**Dataset excerpt**
Start of Block
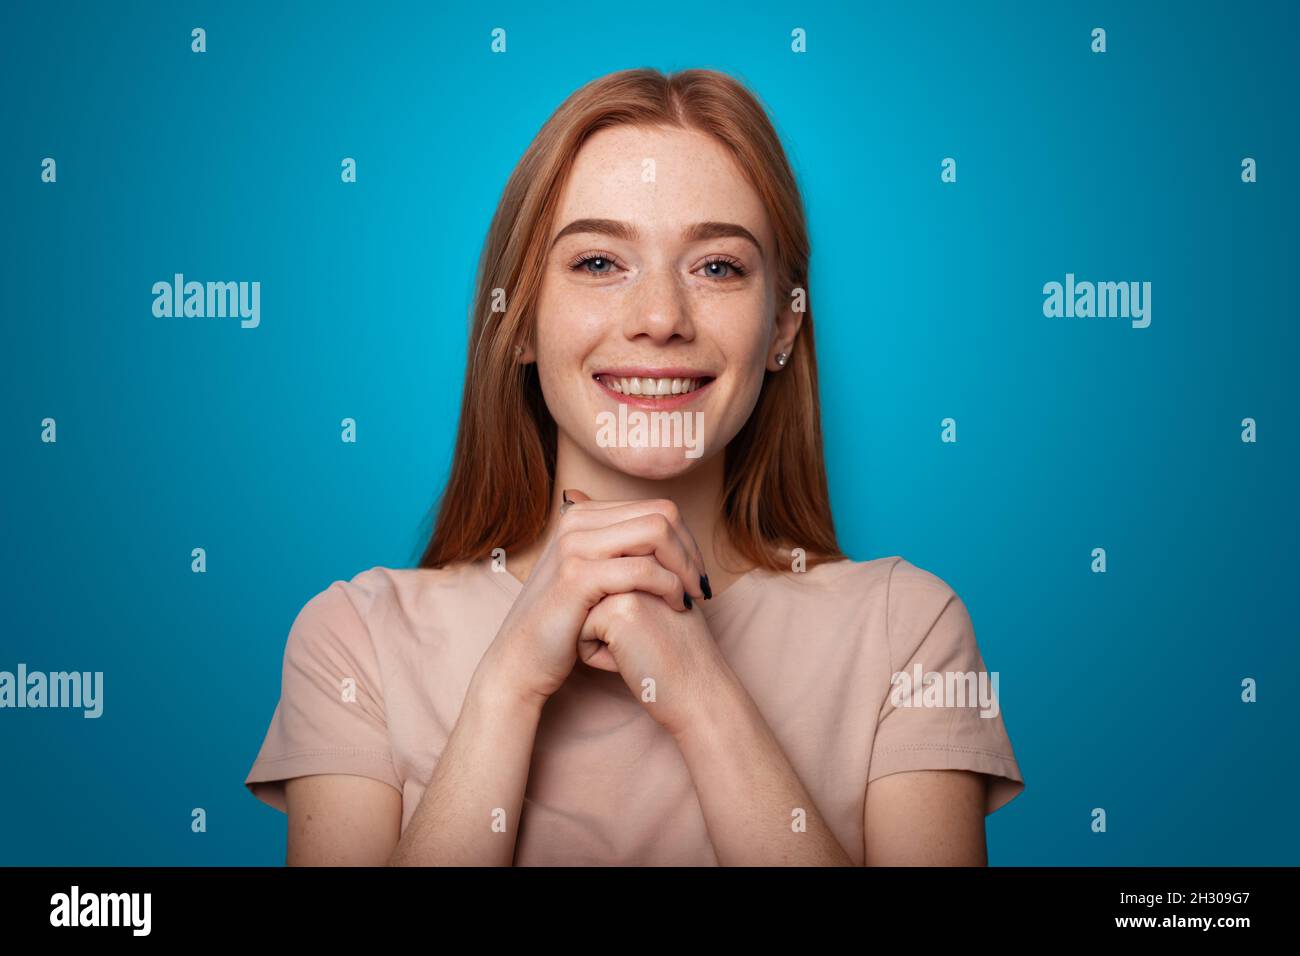 Caucasian young woman posing on a blue background. Smiling and looking at the camera with his hands under his chin. Freckled face Stock Photo
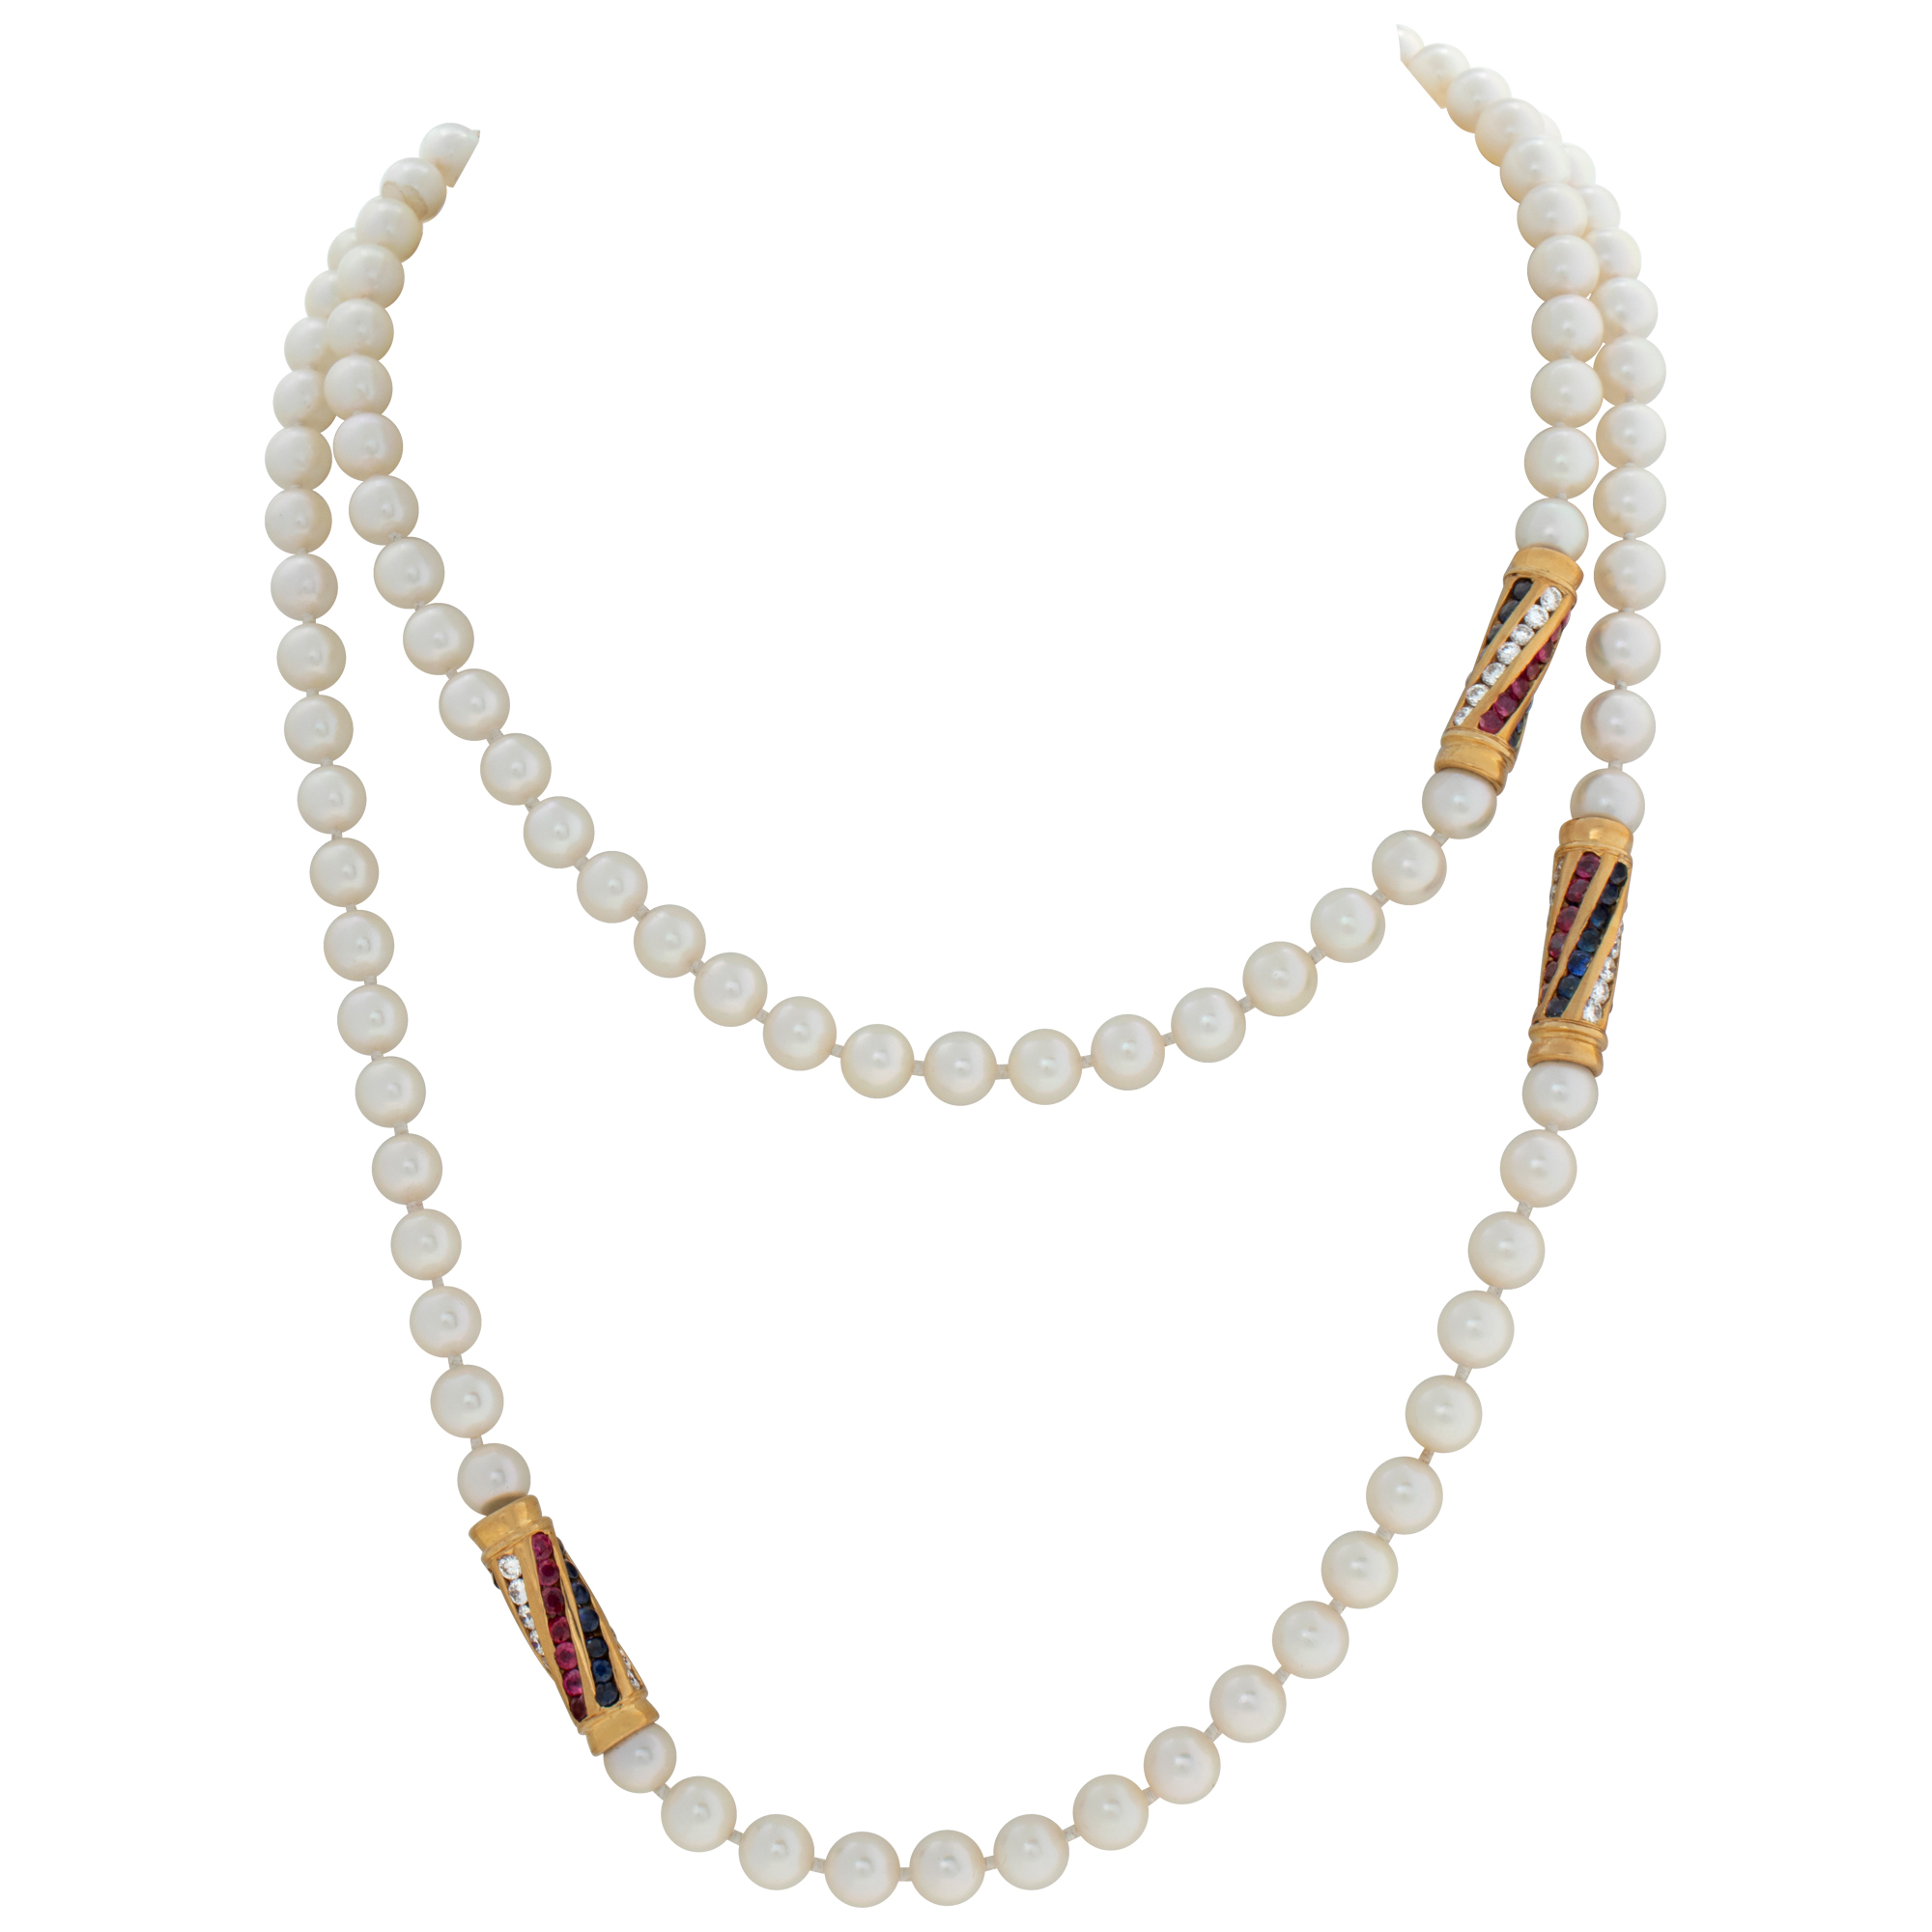 Opera length (36 inches) 6 x 6.5mm Akoya pearls necklace with four gold stations swirling with diamonds, rubies and sapphires set in 18K yellow gold
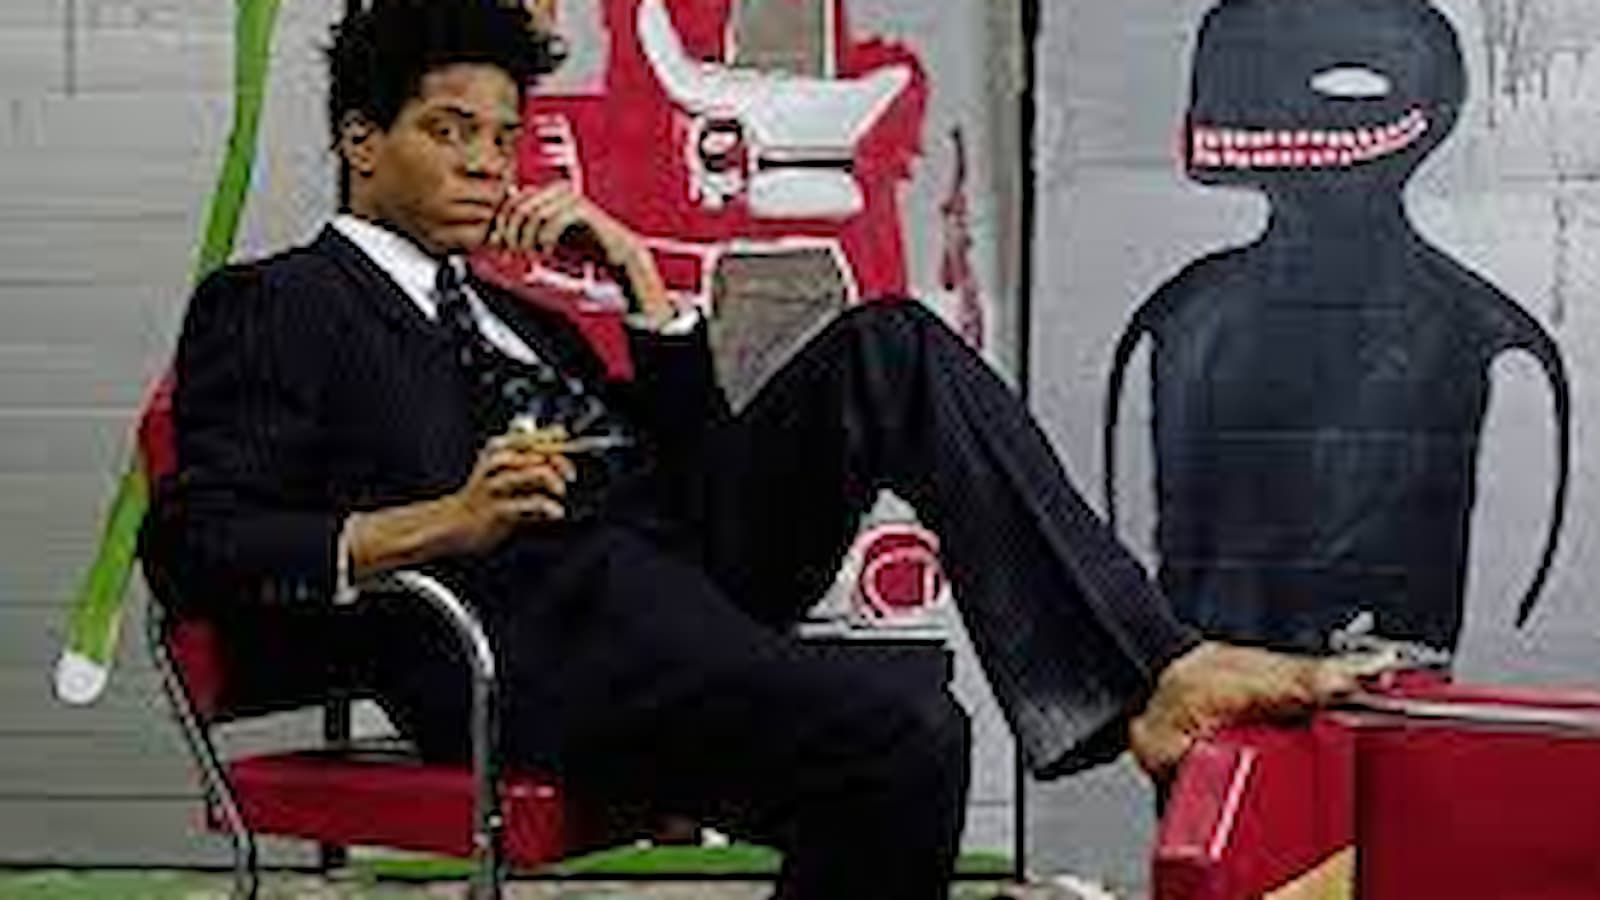 Jean-Michel Basquiat Biography: Age, Height, Birthday, Career, Family, Personal Life, Net Worth
End of Block
**About this exercise**
The copy must match the listing above exactly but contain no pictures.

**The answer**
 Caucasian young woman posing on a blue background. Smiling and looking at the camera with his hands under his chin. Freckled face Stock Photo
 Opera length (36 inches) 6 x 6.5mm Akoya pearls necklace with four gold stations swirling with diamonds, rubies and sapphires set in 18K yellow gold
 Jean-Michel Basquiat Biography: Age, Height, Birthday, Career, Family, Personal Life, Net Worth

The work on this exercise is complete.